● **Data block**:
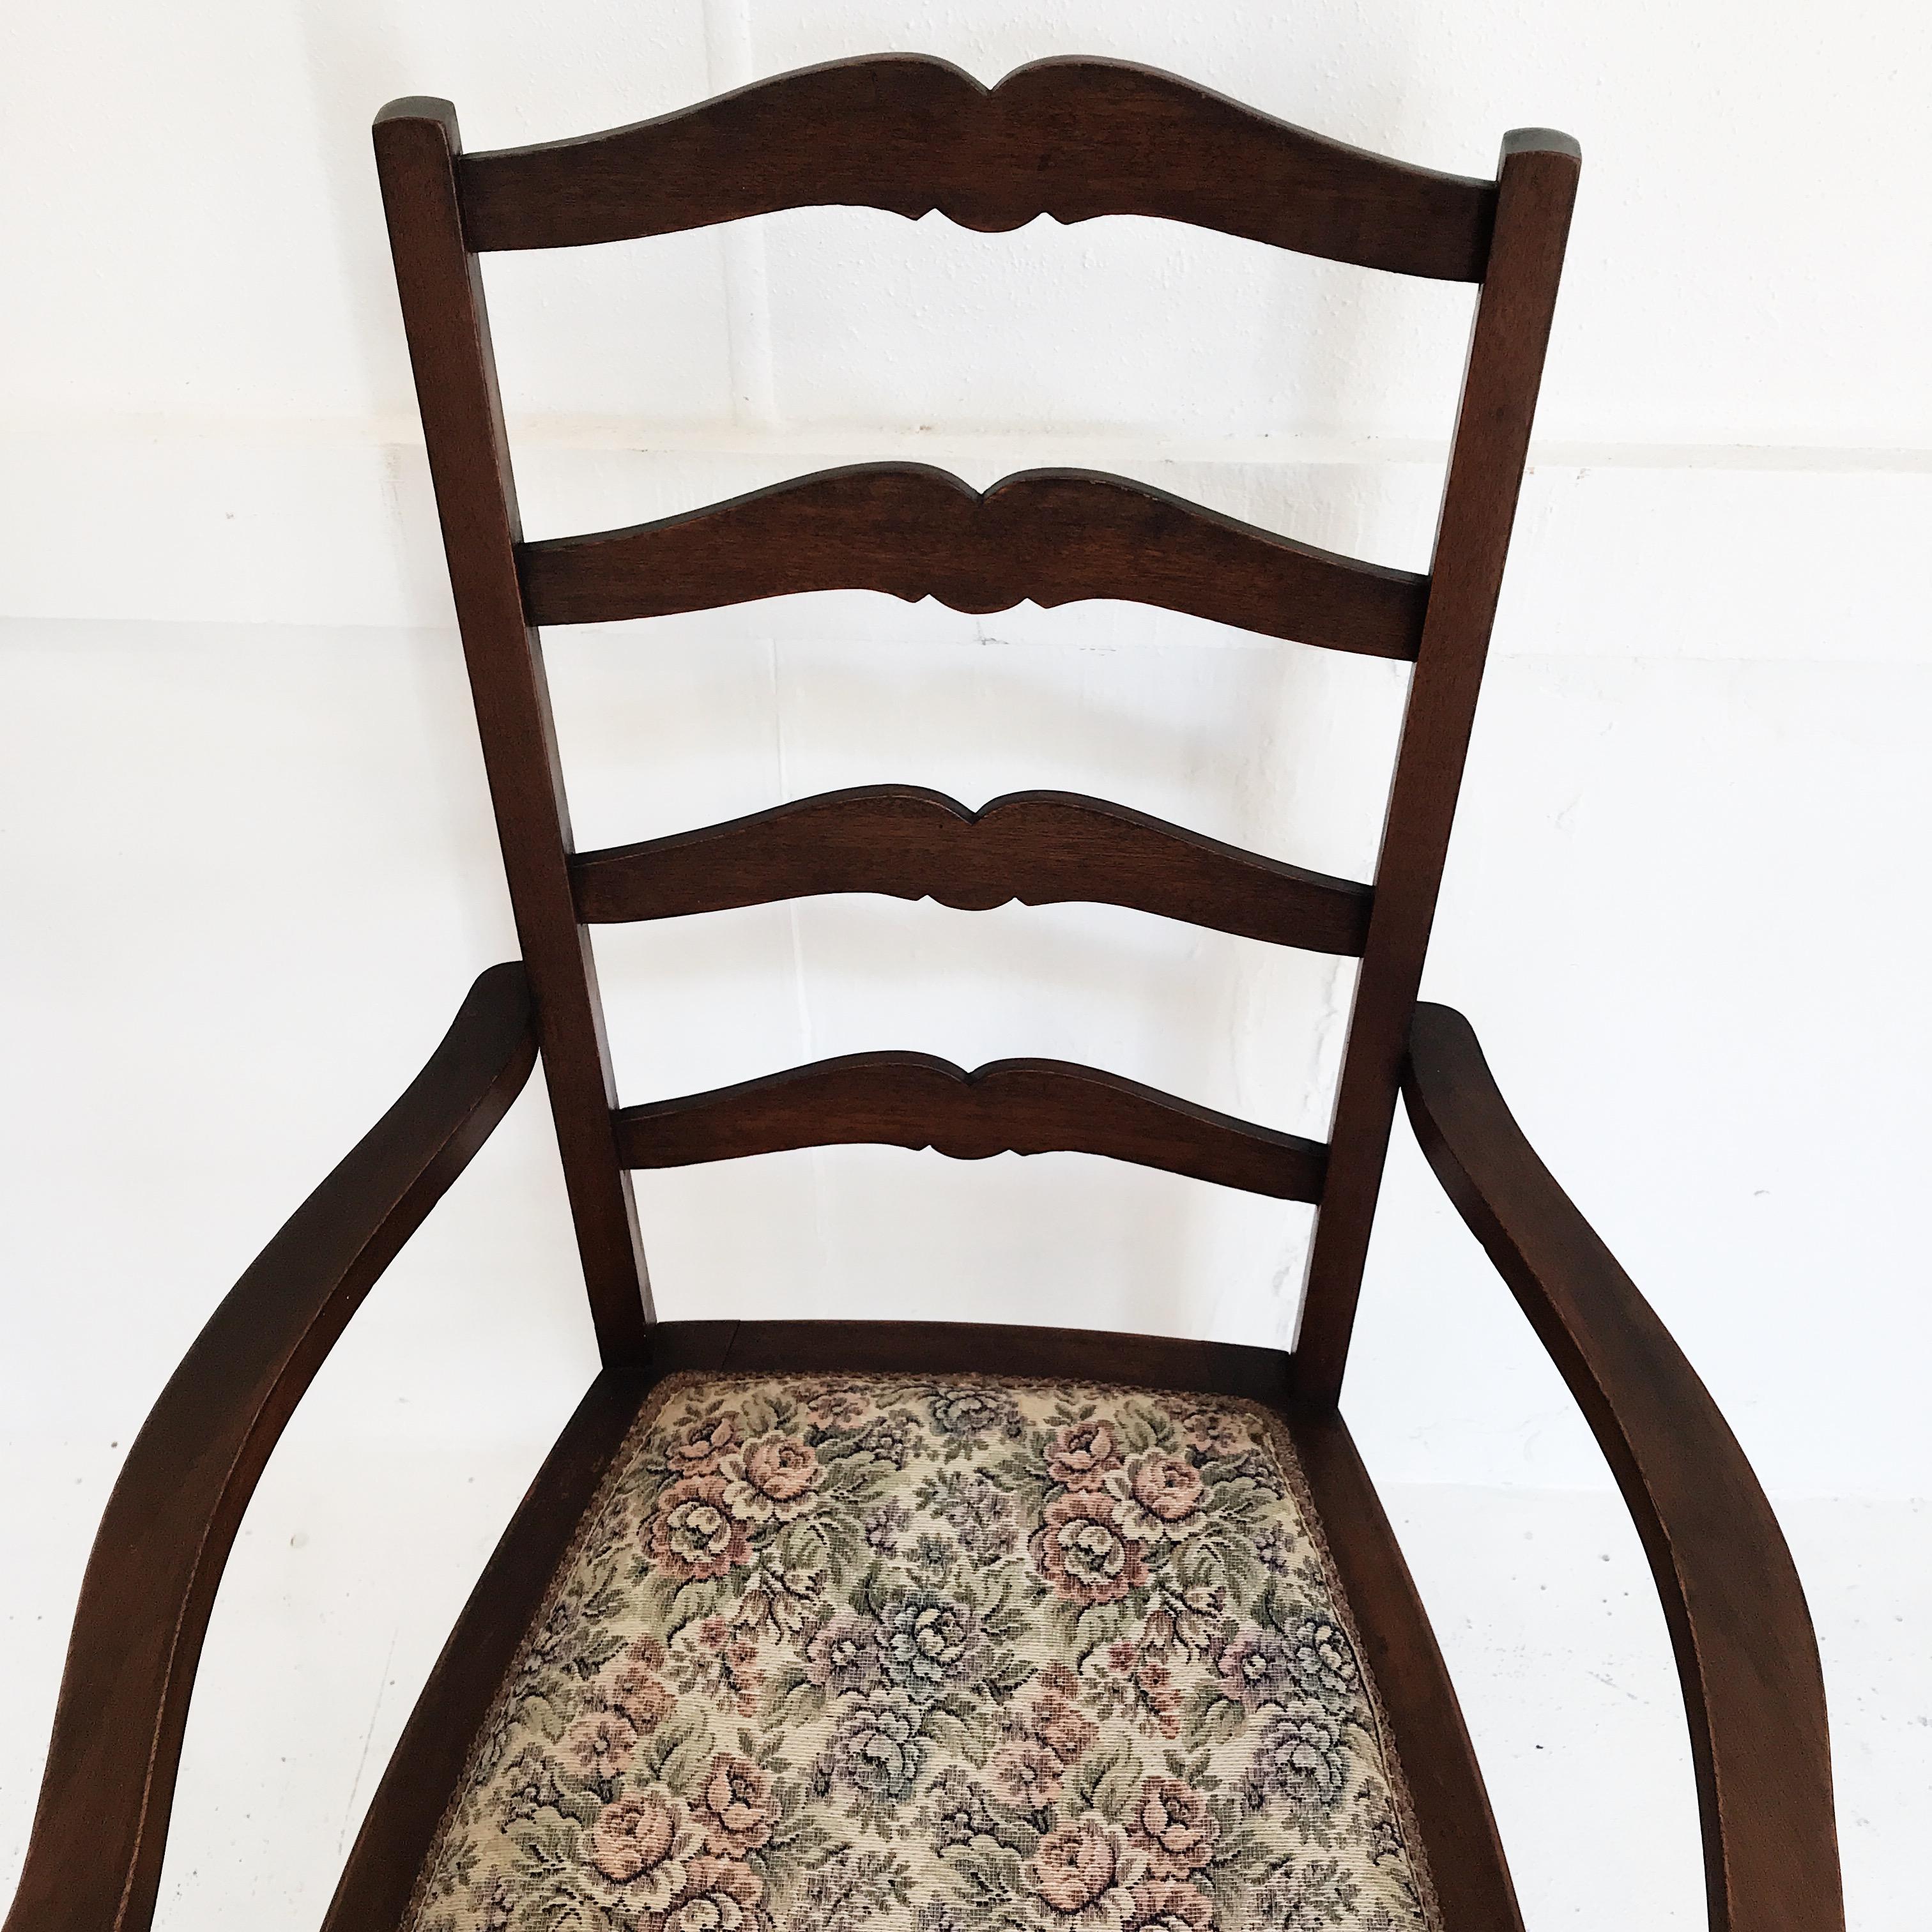 Early-20th Century Ladder Back Chair by Beard Watson Limited, Sydney, Australia For Sale 3
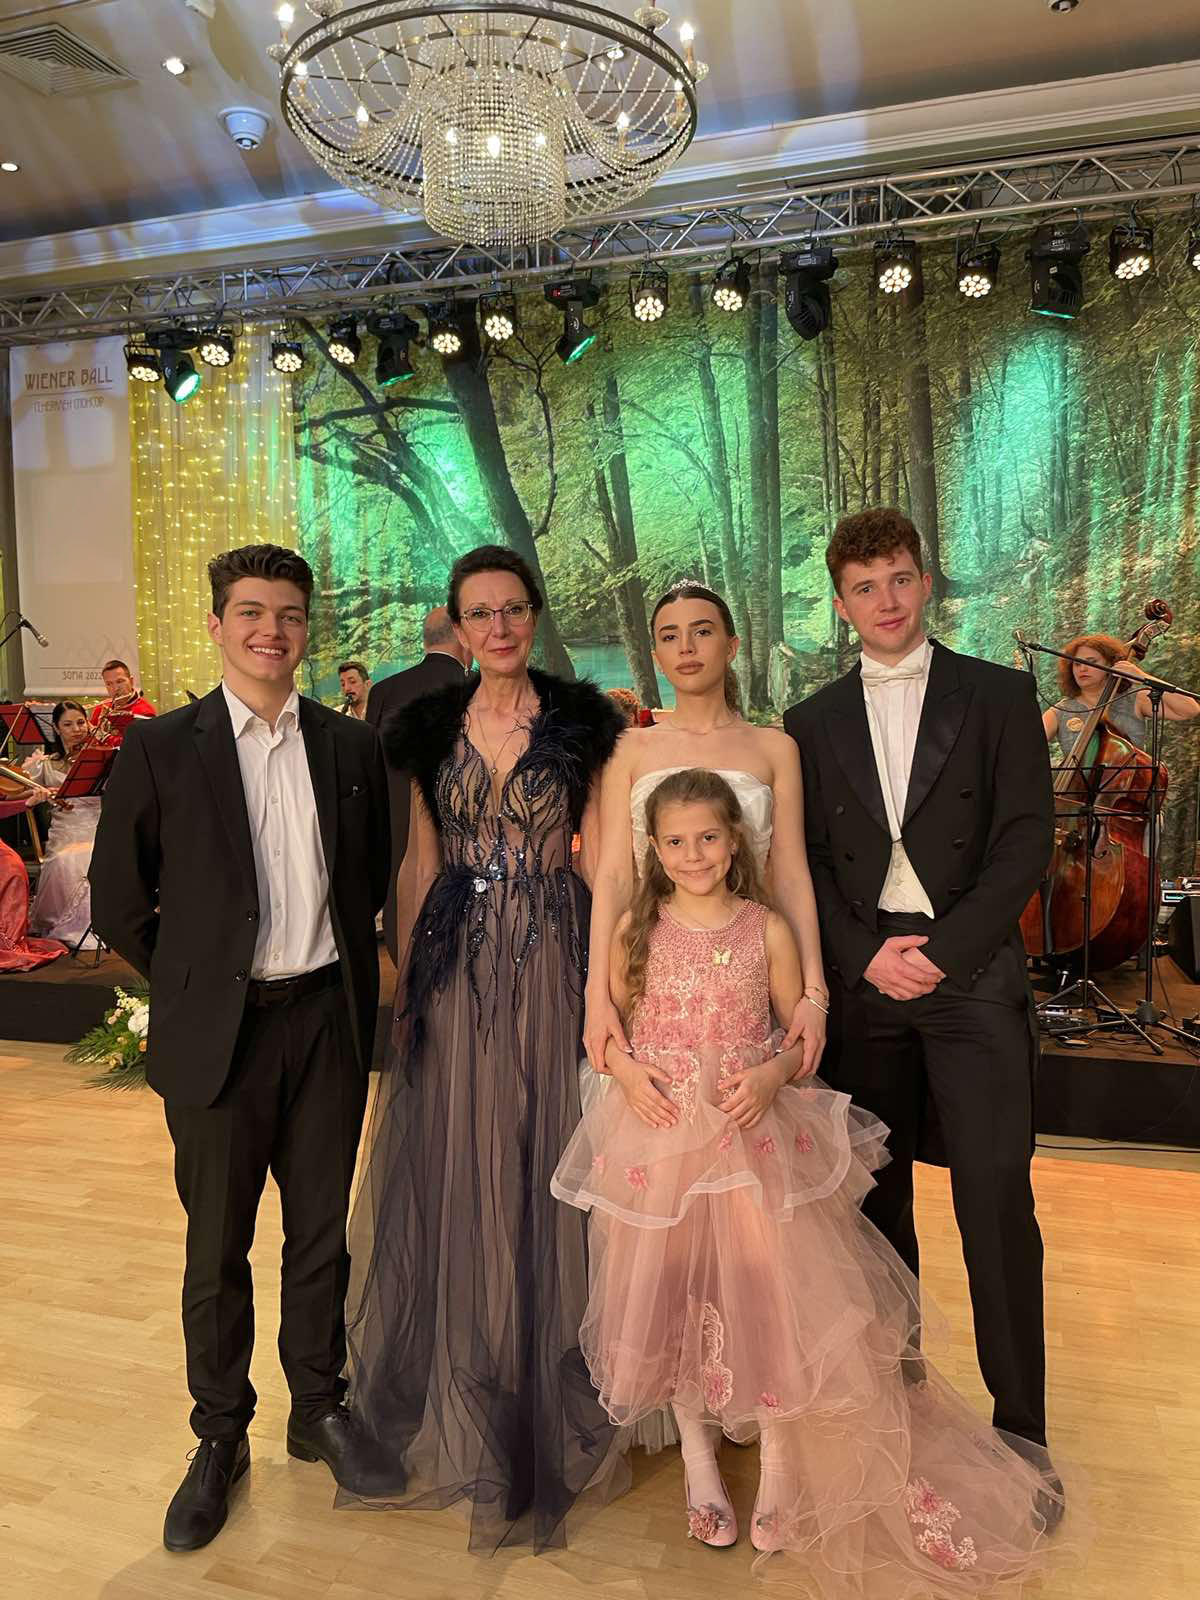 Viennese fundraising ball with a cause
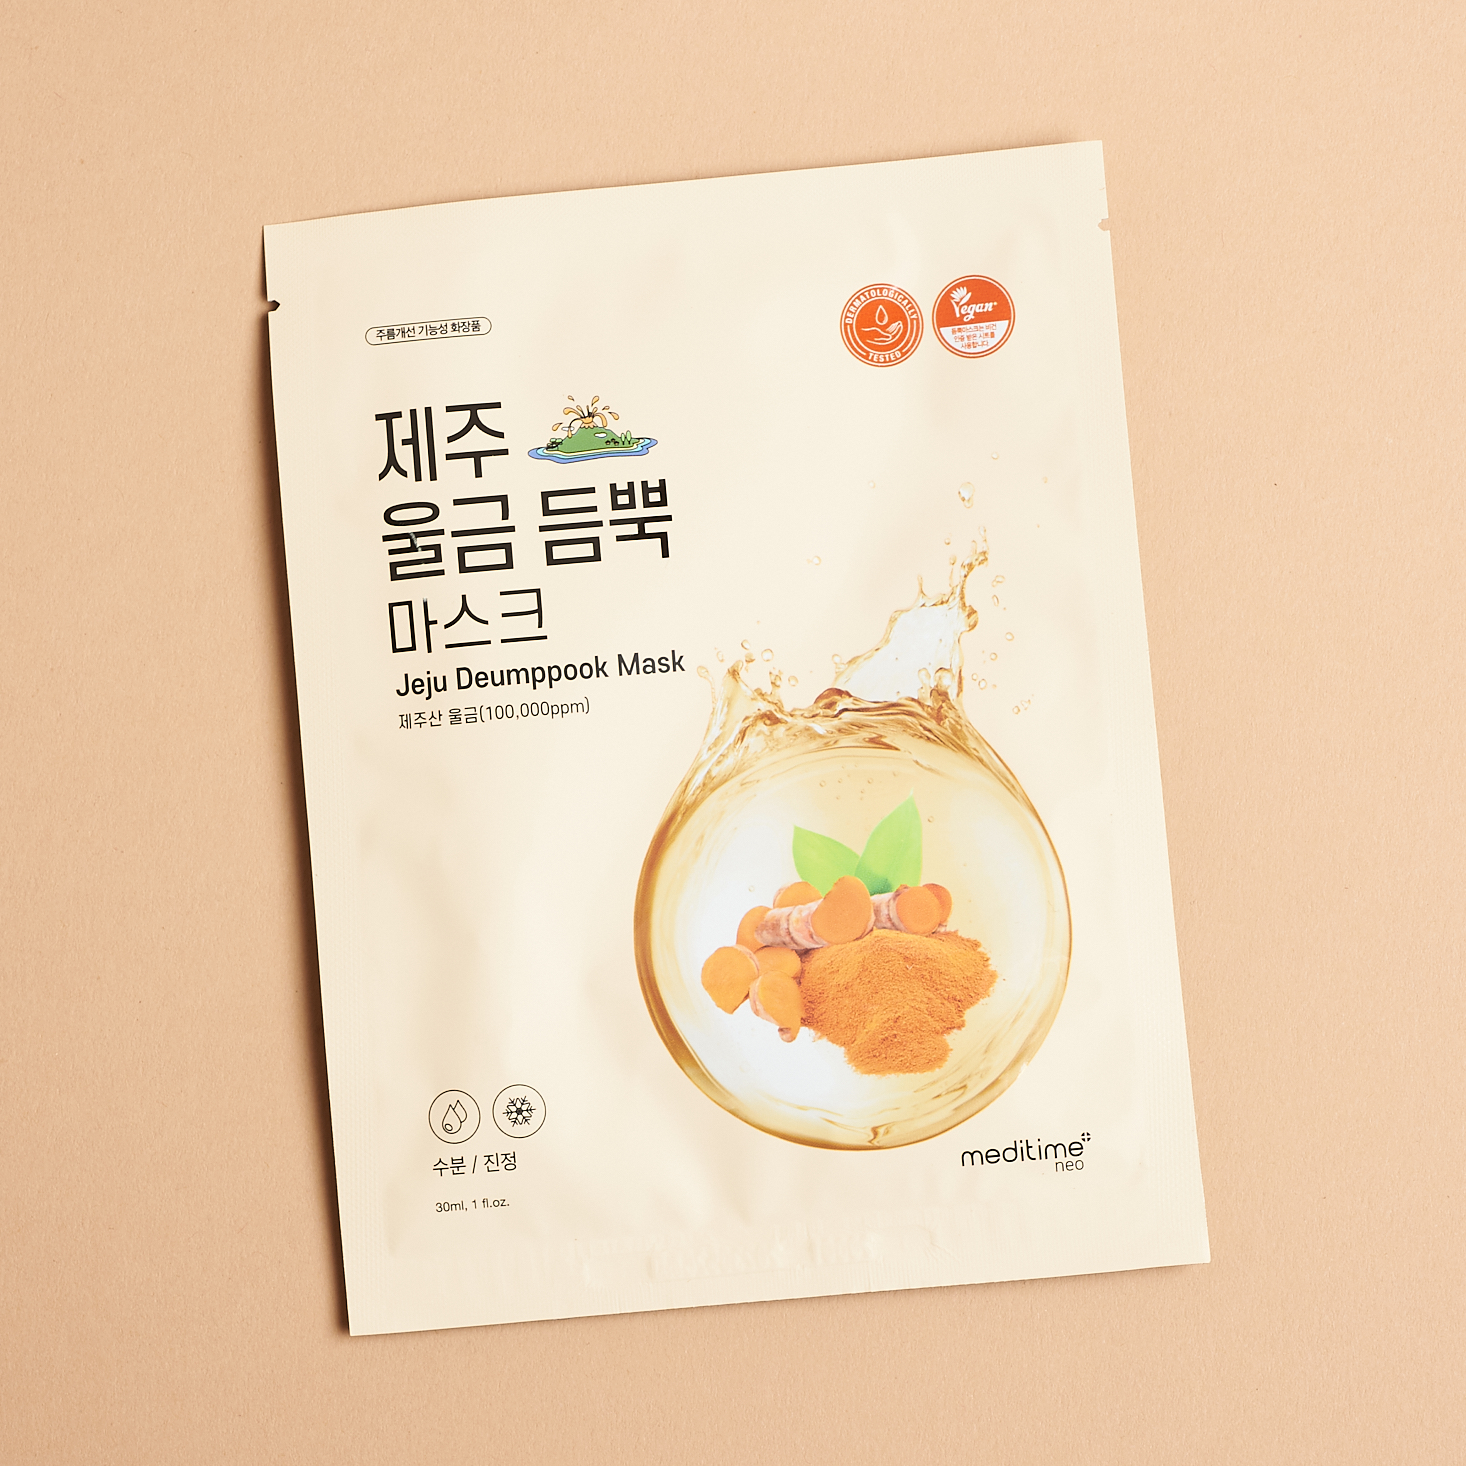 tan sheet mask with Korean characters prominently featured

● **Task to complete**:
Exclude every picture and copy the remaining data exactly.

● **Result for this task**:
 Early-20th Century Ladder Back Chair by Beard Watson Limited, Sydney, Australia For Sale 3
 Viennese fundraising ball with a cause
 tan sheet mask with Korean characters prominently featured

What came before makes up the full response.